Wednesday 29 April 2015

What She Left Behind

"What She Left Behind" by Ellen Marie Wiseman

   Much of this novel takes place in Willard State Asylum in New York in the 1930's.  The author researched this subject before writing the book.  It is distressing to see how the patients were treated and to realize that some of the women were there because they were not compliant with their parents' wishes or their husbands' wishes.  They were not mentally ill, but still spent much of their lives in an asylum.
   Actually, the protagonist does not live in the asylum.  She is a 17-year-old girl, Isabelle Stone, whose mother had shot her father.  Her mother had been put in a mental asylum.

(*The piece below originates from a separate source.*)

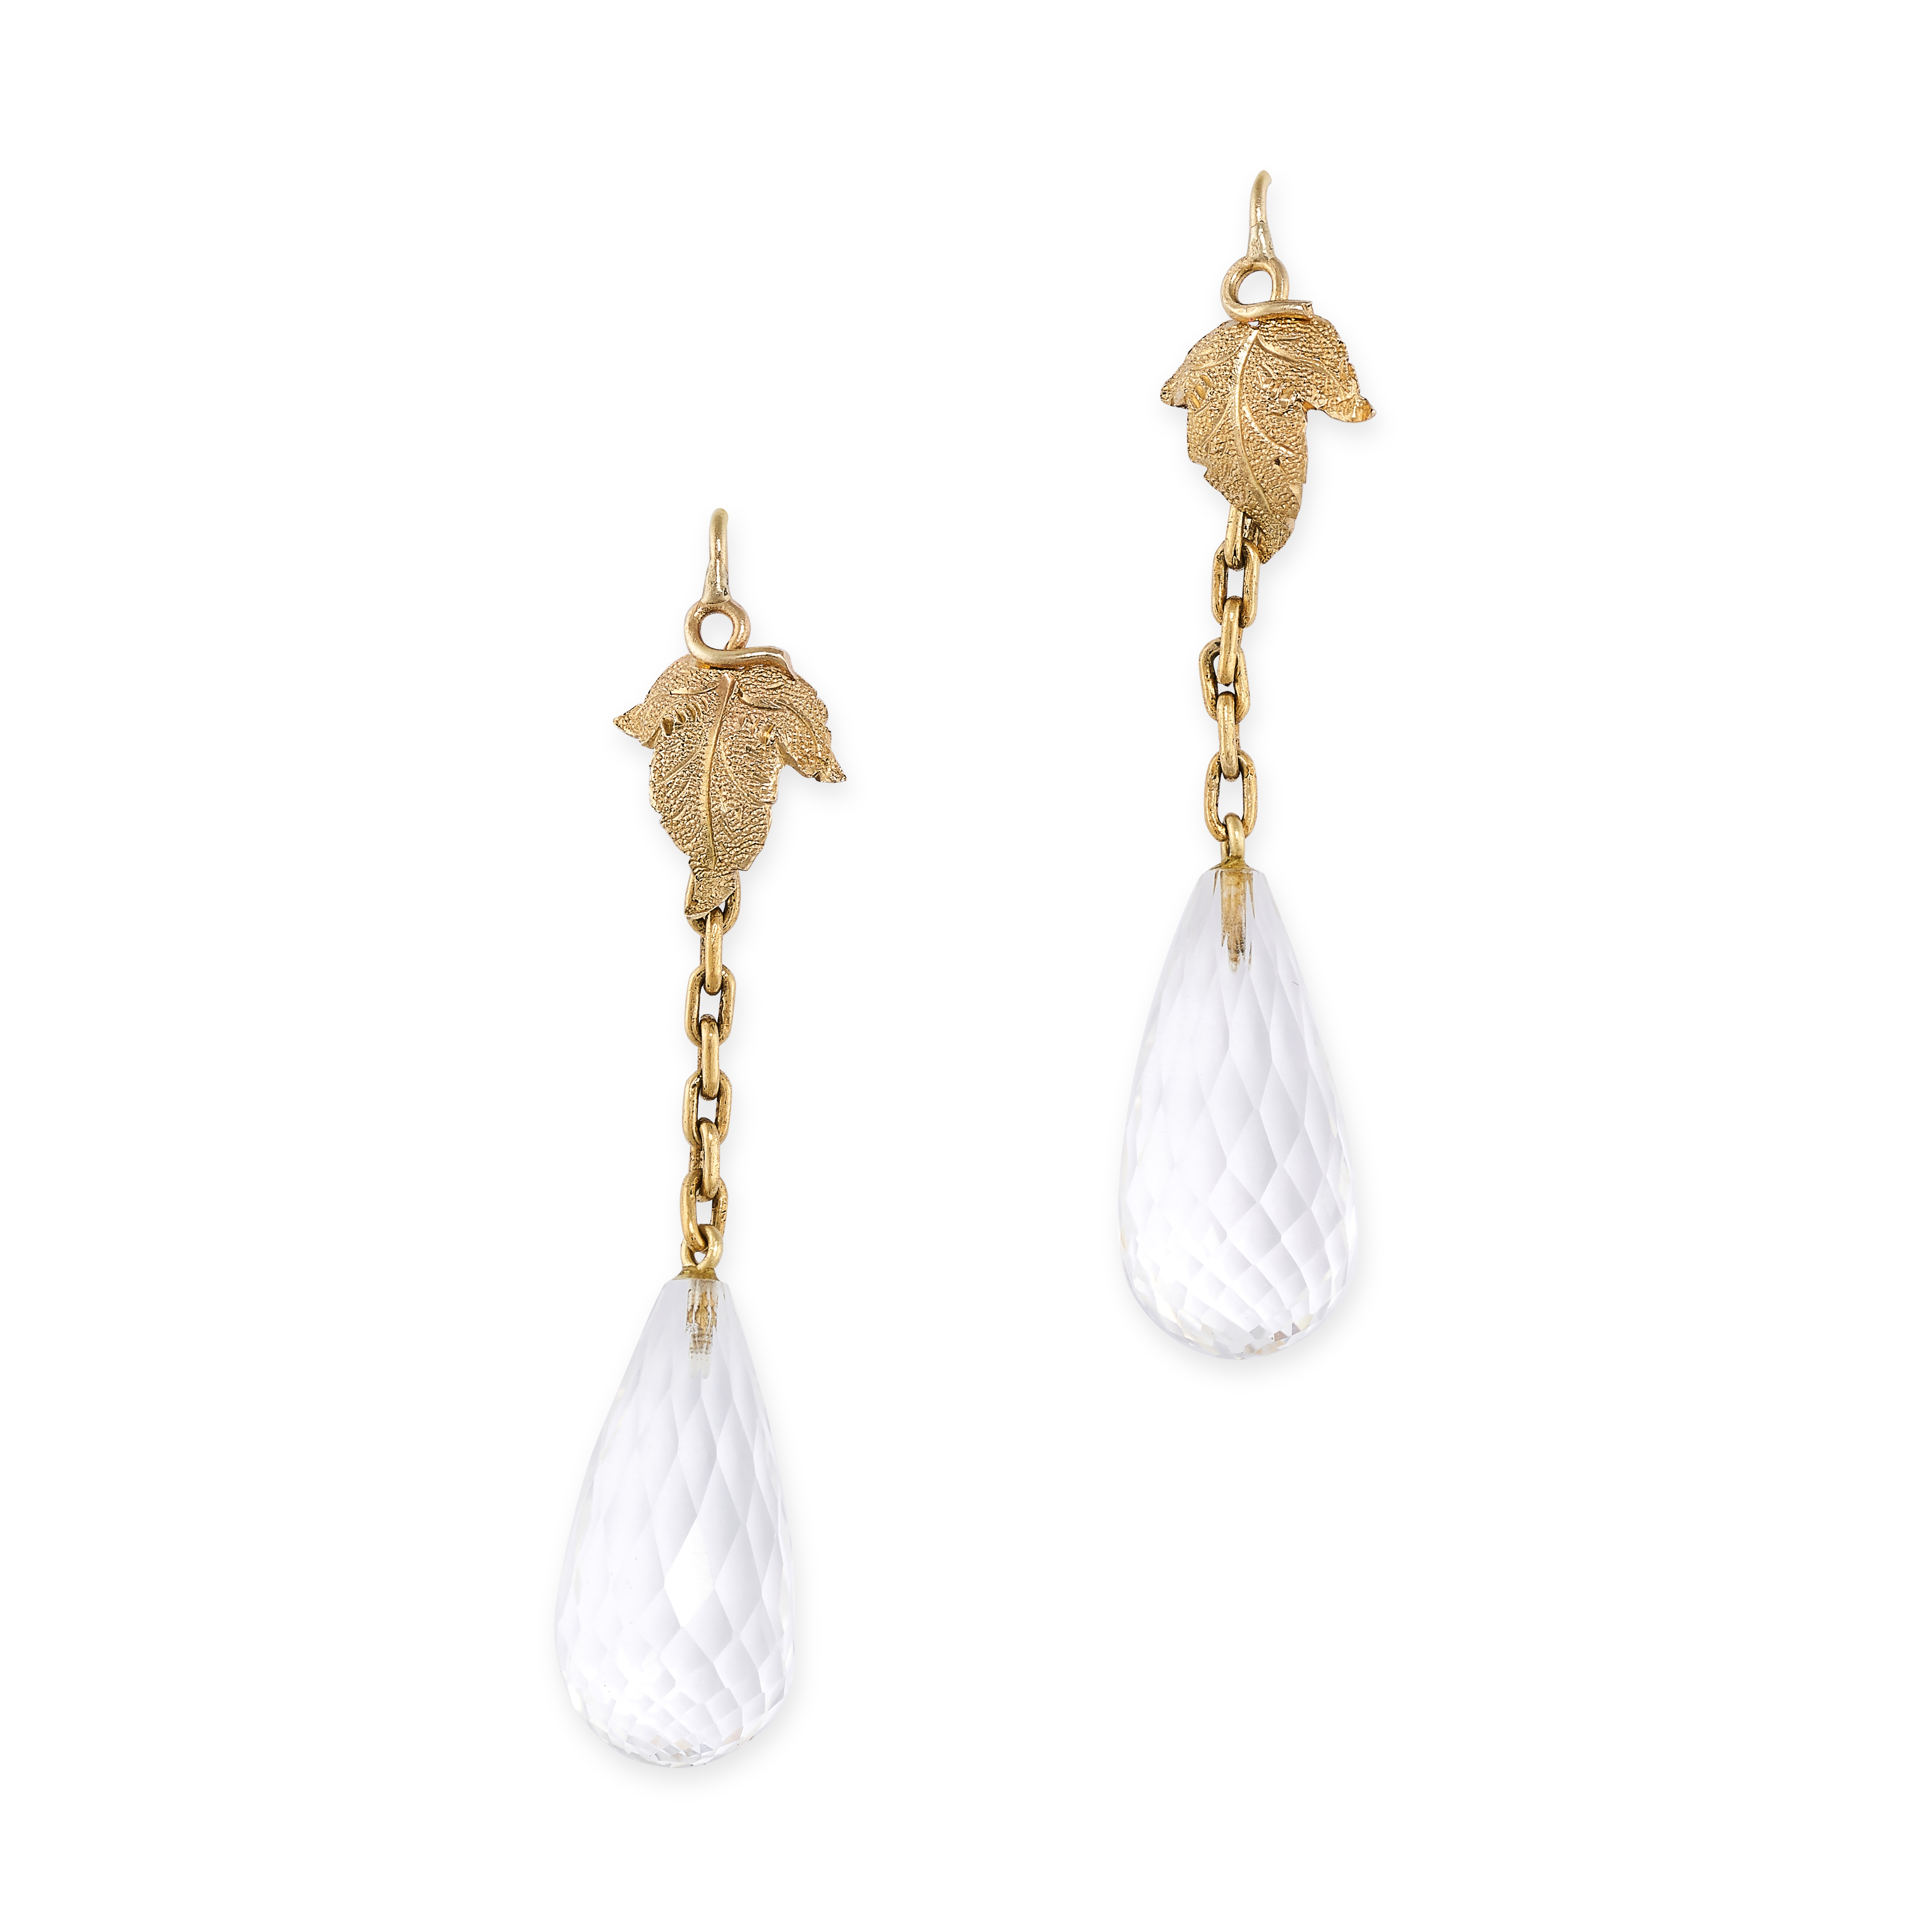 A PAIR OF ROCK CRYSTAL DROP EARRINGS in yellow gold, each set with a faceted rock crystal

Isabelle was in a foster home, in 1995, with parents who were curators at the museum and as part of their work, they were examining the articles left in the abandoned Willard State Asylum.  As Isabelle, working with her foster mother, was checking the contents of a suitcase, she discovered a diary.  This led to a wonderful entwining of the two stories: Clara Cartwright, 18, in 1930, and Isabelle Stone, 17, in 1995.
   The story is upsetting but I couldn't put it down.  The author is very descriptive and, at times, I needed to rush through that description to see what would happen.
 The two storylines fit together beautifully, and came together in a very dramatic ending.
  This is Wiseman's second novel.  It had received great reviews!




"Coal River" is Wiseman's new book, coming in December.  It is about a young woman who tries to end child labour in an early 20th century Pennsylvania mining town.
I expect it will also be tense and distressing.